Temple of Doom soll nix taugen?!

Pfff. Banause. 


Gesendet von meinem 6070K mit Tapatalk


----------



## Rabowke (27. Februar 2020)

sauerlandboy79 schrieb:


> Temple of Doom soll nix taugen?!
> 
> Pfff. Banause.


Ich bin ja mit Bonkic nicht immer auf einer Linie ... hier aber scheinbar schon. 

Teil I - sehr gut
Teil II - grottenschlecht
Teil III - Meisterwerk und der heilige Gral der Serie
Teil IV - grottenschlecht, wobei, absolut unfassbar megagrottenschlecht, damit wir eine Abgrenzung zum 2. Teil hinbekommen

Ich gestehe ja dem zweiten Teil durchaus sein Setting zu und auch das sich dieser an die "Vorlagen" der damaligen Filme / Abenteuer orientiert.

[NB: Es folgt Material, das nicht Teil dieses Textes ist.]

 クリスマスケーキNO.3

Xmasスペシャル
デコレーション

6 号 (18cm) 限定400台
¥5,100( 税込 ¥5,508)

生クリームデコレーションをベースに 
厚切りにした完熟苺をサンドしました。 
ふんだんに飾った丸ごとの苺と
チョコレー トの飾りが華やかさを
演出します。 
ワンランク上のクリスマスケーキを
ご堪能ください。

Aber er ist einfach schlecht.


----------



## sauerlandboy79 (27. Februar 2020)

Rabowke schrieb:


> Ich bin ja mit Bonkic nicht immer auf einer Linie ... hier aber scheinbar schon.
> 
> Teil I - sehr gut
> Teil II - grottenschlecht
> ...


Das einzig Grottenschlechte das ich hier sehe ist euer Geschmack. Und Teil 4.  

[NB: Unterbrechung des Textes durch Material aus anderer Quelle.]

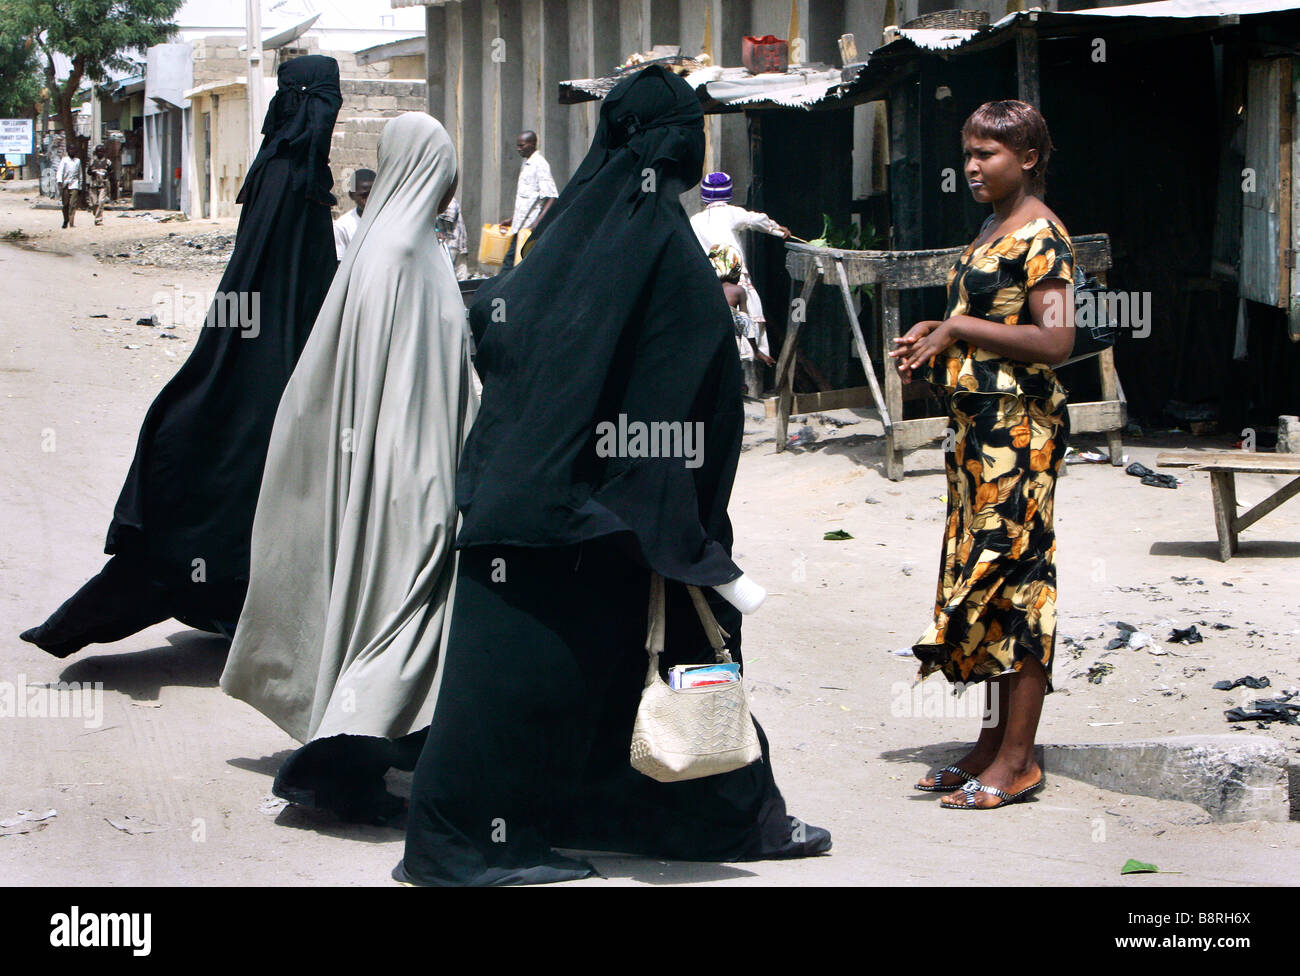 Un escéptico moderno busca vestidos mujer cristiana mirando a mujeres musulmanas llevando una burka de cuerpo completo. Estado de Borno, Maiduguri, Nigeria Foto de stock
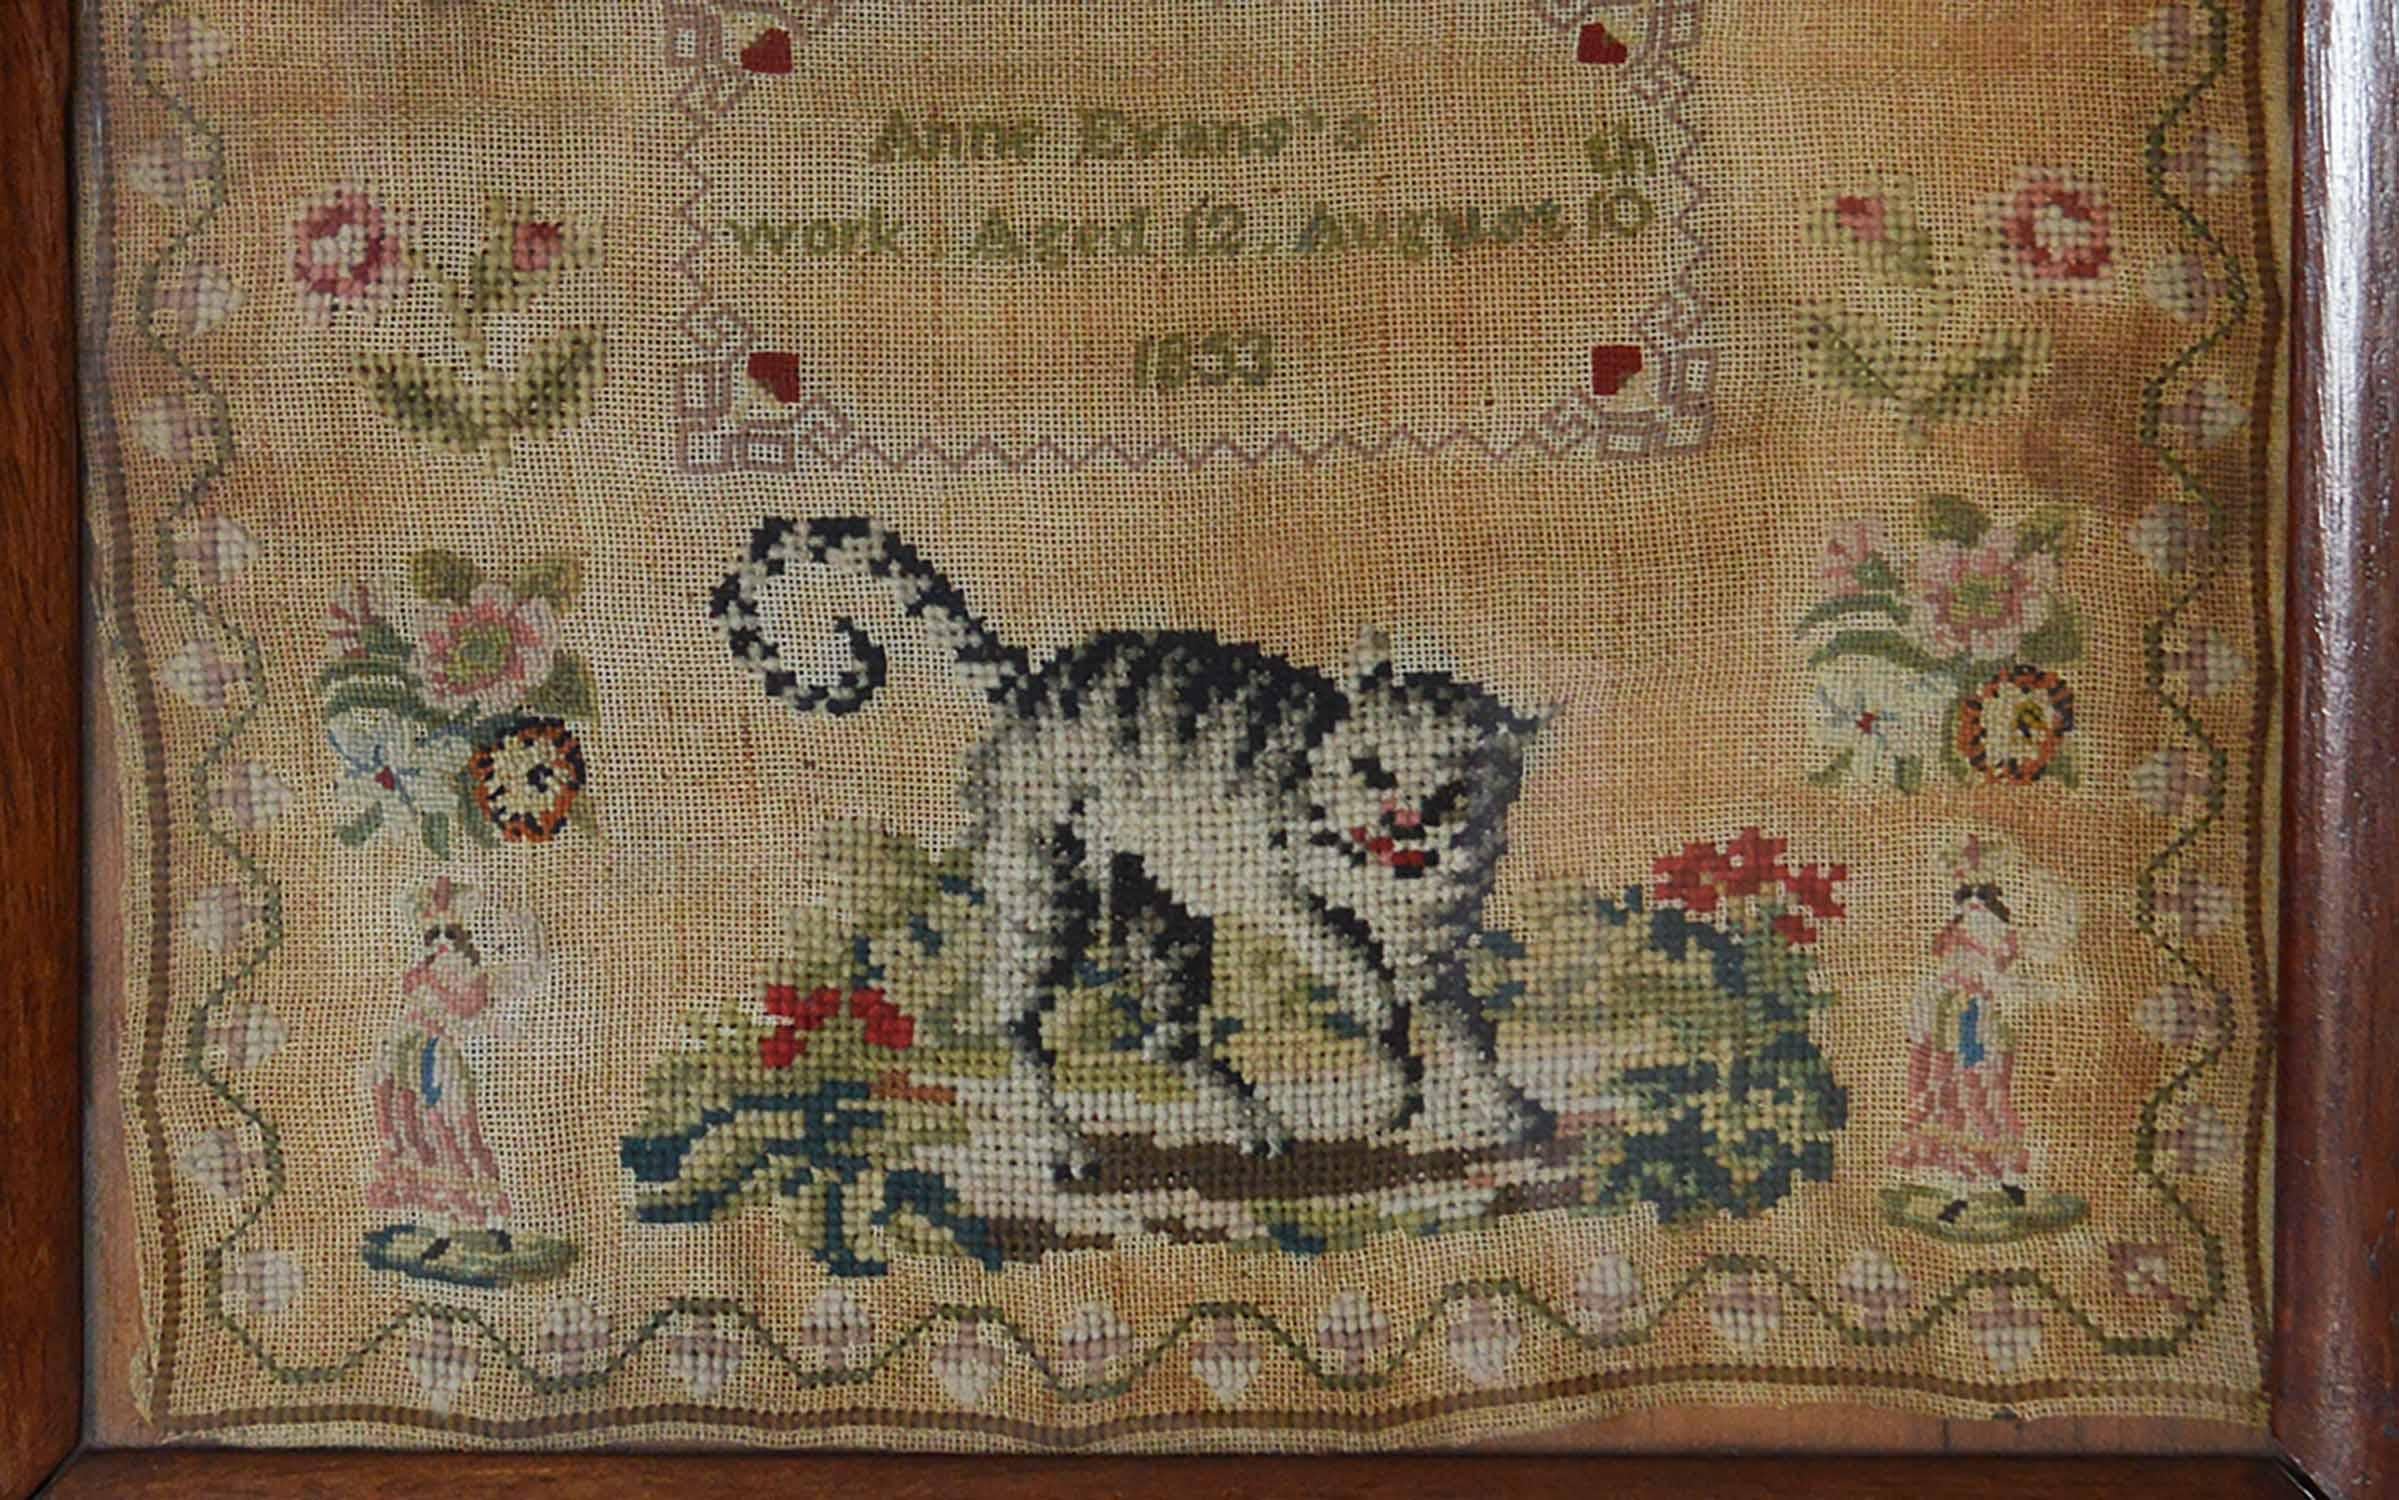 Folk Art Antique Welsh Sampler with a Cat, Anne Evans, 1853

Gesendet von meinem 6070K mit Tapatalk


----------



## Bonkic (27. Februar 2020)

hab ich grad ein deja vu?  hatten wir genau dieselbe diskussion mit denselben beteiligten und identischem verlauf nicht schon mal?


----------



## sauerlandboy79 (27. Februar 2020)

Bonkic schrieb:


> hab ich grad ein deja vu?  hatten wir genau dieselbe diskussion mit denselben beteiligten und identischem verlauf nicht schon mal?

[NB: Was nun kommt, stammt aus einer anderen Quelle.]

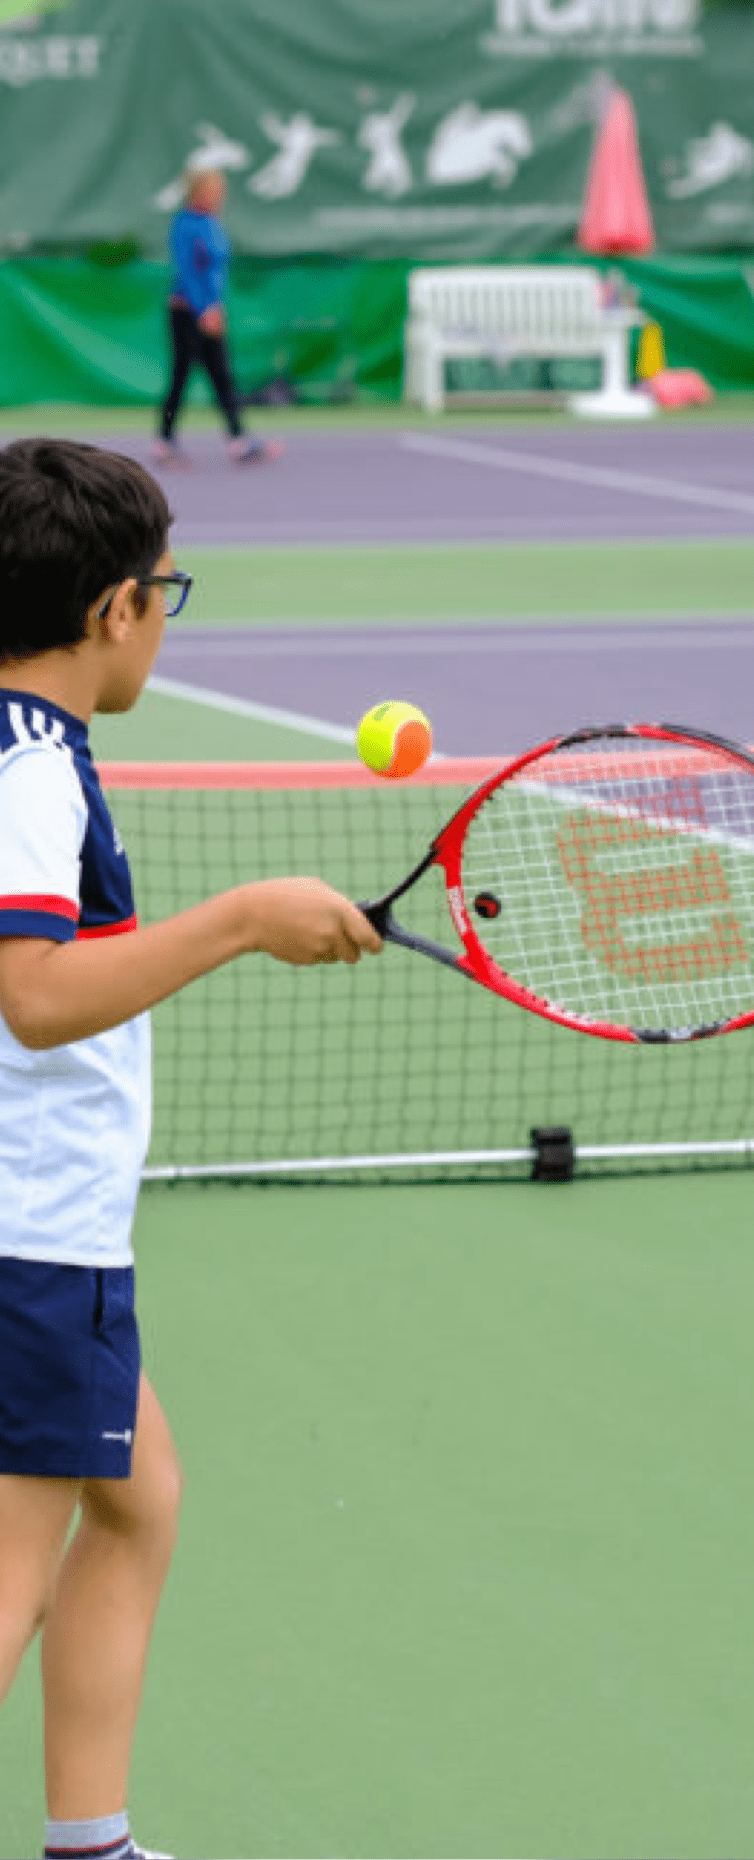 Cours de tennis pour les enfants

Das Forum ist doch seit jeher ein Platz für Wiederholungen. ^^

Gesendet von meinem 6070K mit Tapatalk


----------



## OldShatterhand (27. Februar 2020)

Was war denn am Tempel des Todes so schlecht? gut, er hatte nicht viel Story, aber allein die ikonische Lorenfahrt - traumhaft. Ausserdem mochte ich den kleinen, chinesischen Jungen. Der war pfiffig.

PS: ich fand aber auch den letzten nicht so schlecht wie alle tun. Das wurde ganz schön hochgeschaukelt.


----------



## sauerlandboy79 (27. Februar 2020)

LouisLoiselle schrieb:


> Was war denn am Tempel des Todes so schlecht? gut, er hatte nicht viel Story, aber allein die ikonische Lorenfahrt - traumhaft. Ausserdem mochte ich den kleinen, chinesischen Jungen. Der war pfiffig.


Der hatte mMn einfach das beste und exotischste Setting. Dann noch das Okkulte. Und er hat ganz ohne Nazis - die eh nur Fallobst darstellen - funktioniert.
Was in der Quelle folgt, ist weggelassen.